::: EXERCISE DATA :::

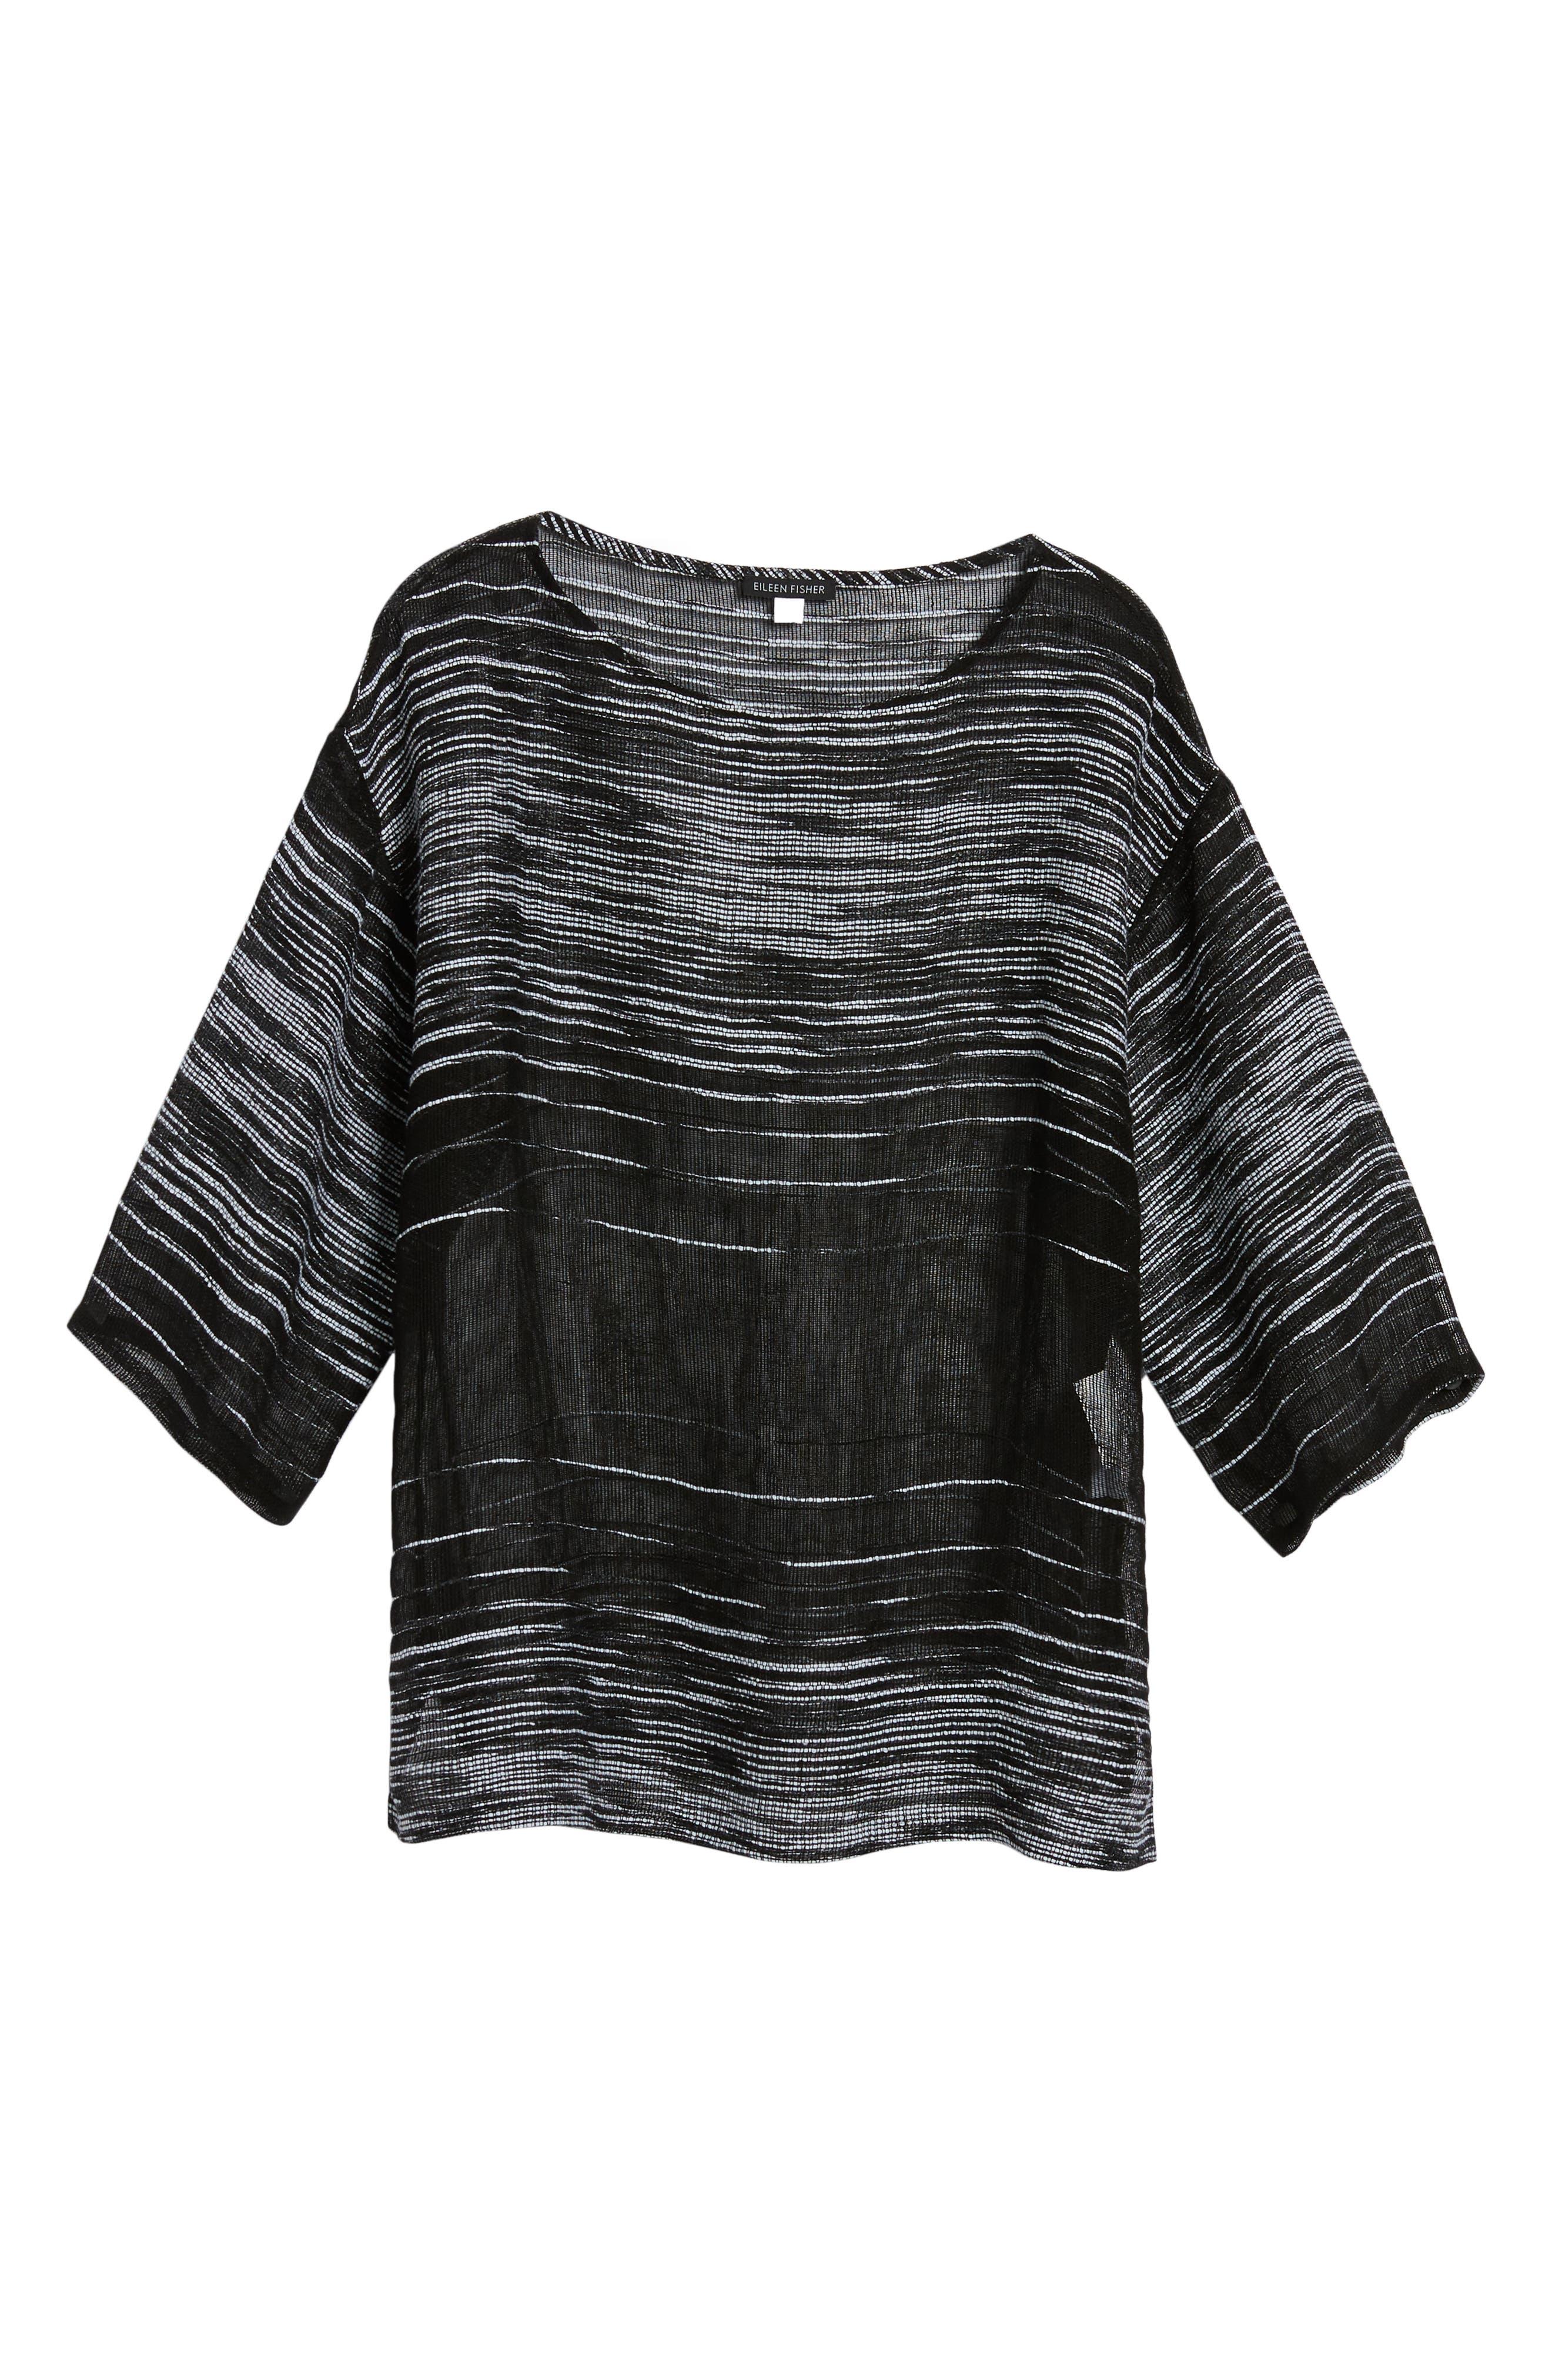 Organic Linen Blend Top,                             Alternate thumbnail 6, color,                             Black
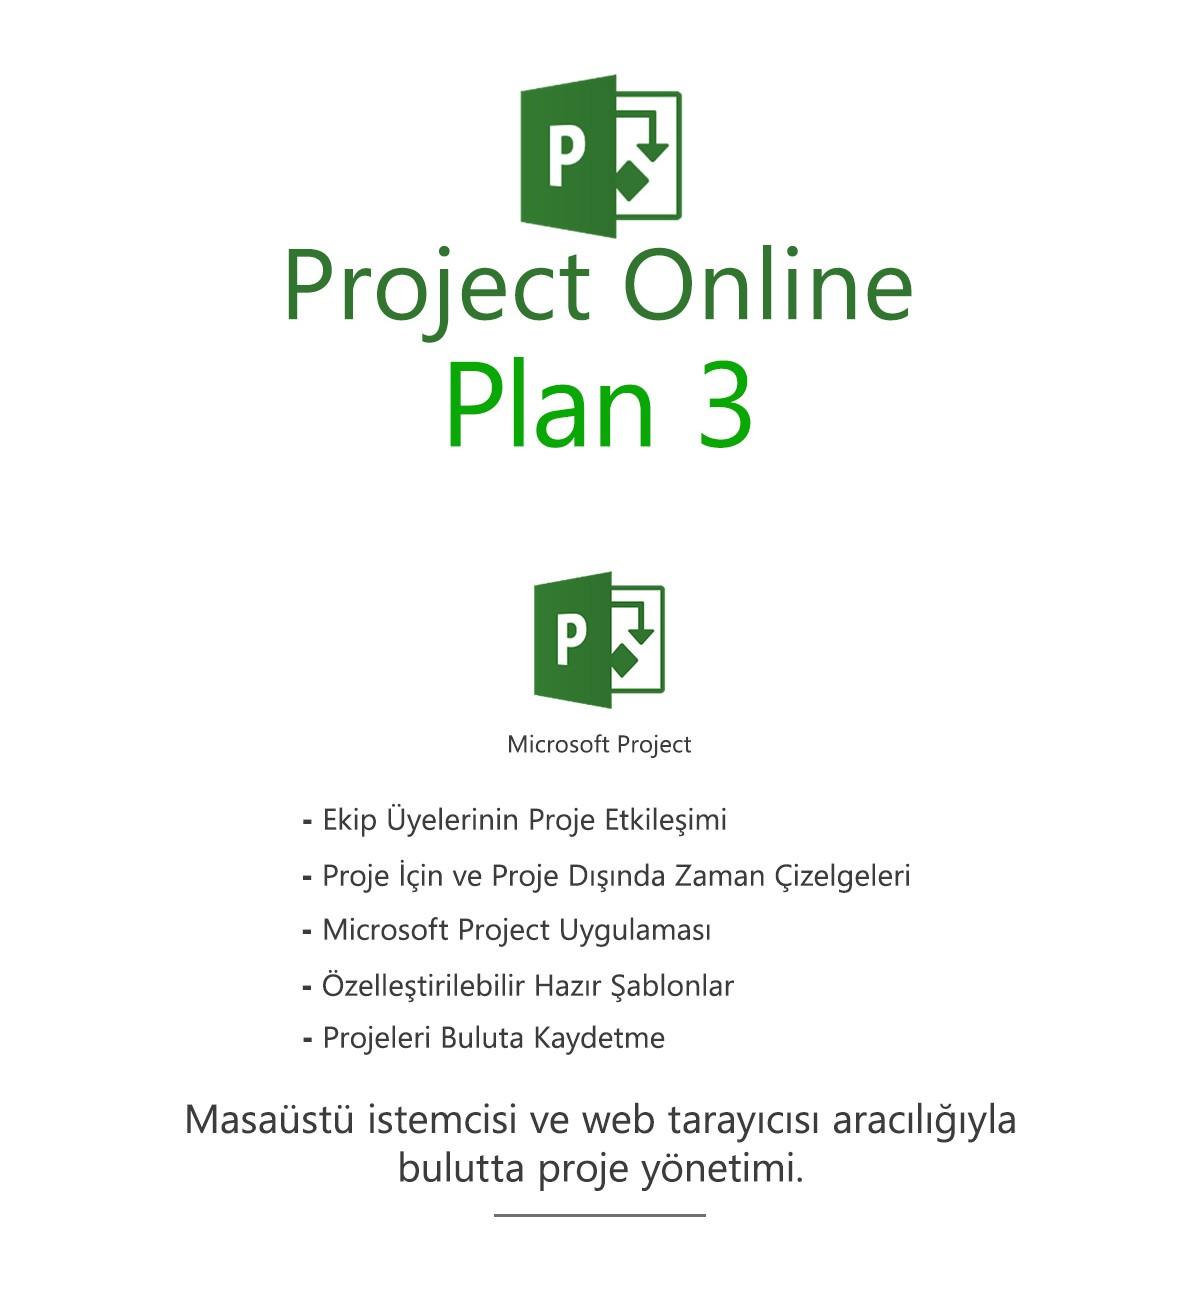 Project Online Plan 3
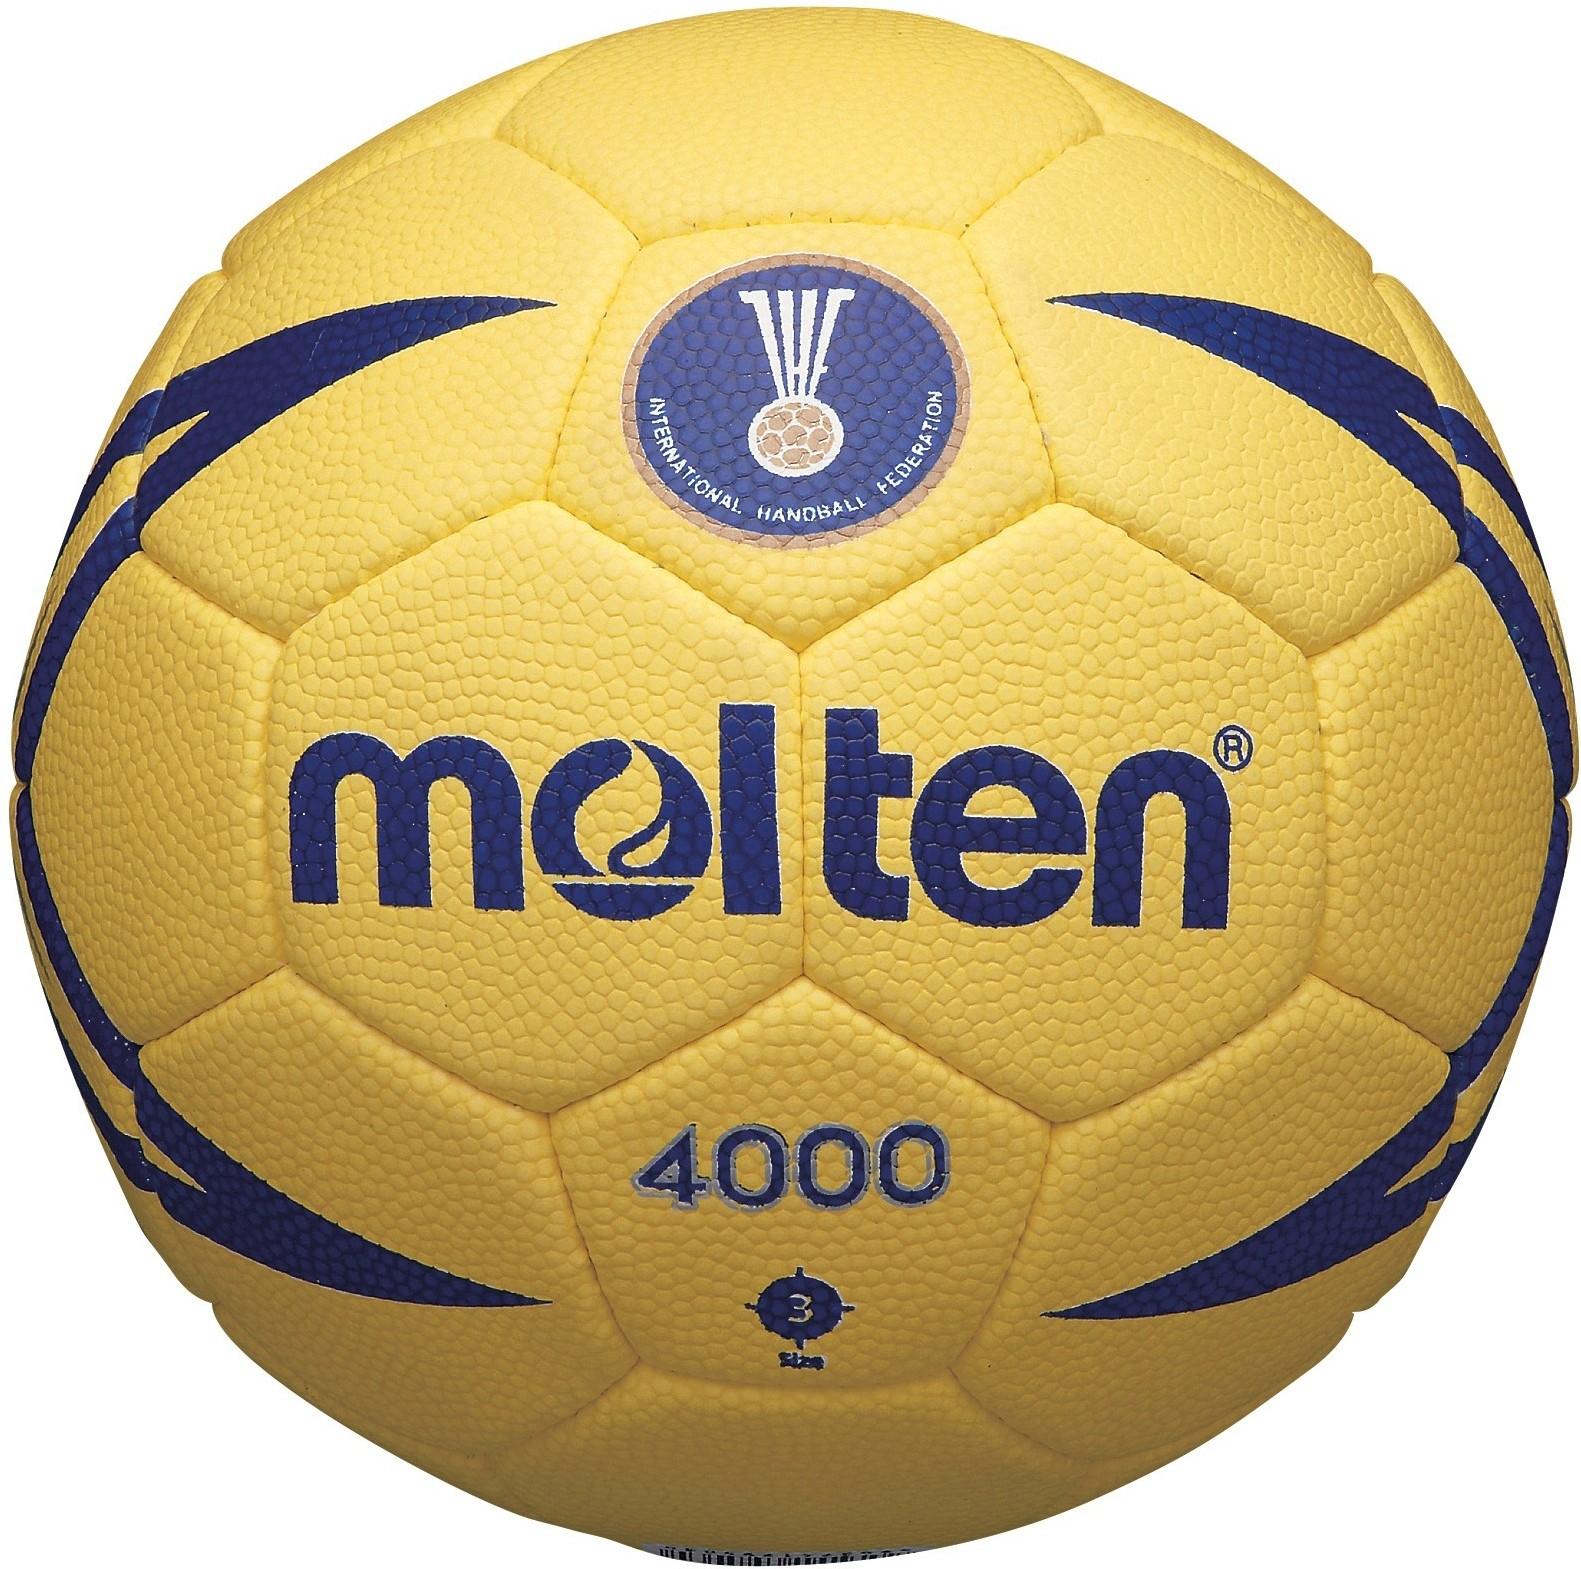 IHF Approved PU Leather Handball

:::

### [ASSIGNED TASK]
All that the answer may contain is the exact text of the lines from the one with "Project Online Plan 3" through the last line of the material, pictures excluded.

### [OUTPUT OF THE TASK]
 Project Online Plan 3
 IHF Approved PU Leather Handball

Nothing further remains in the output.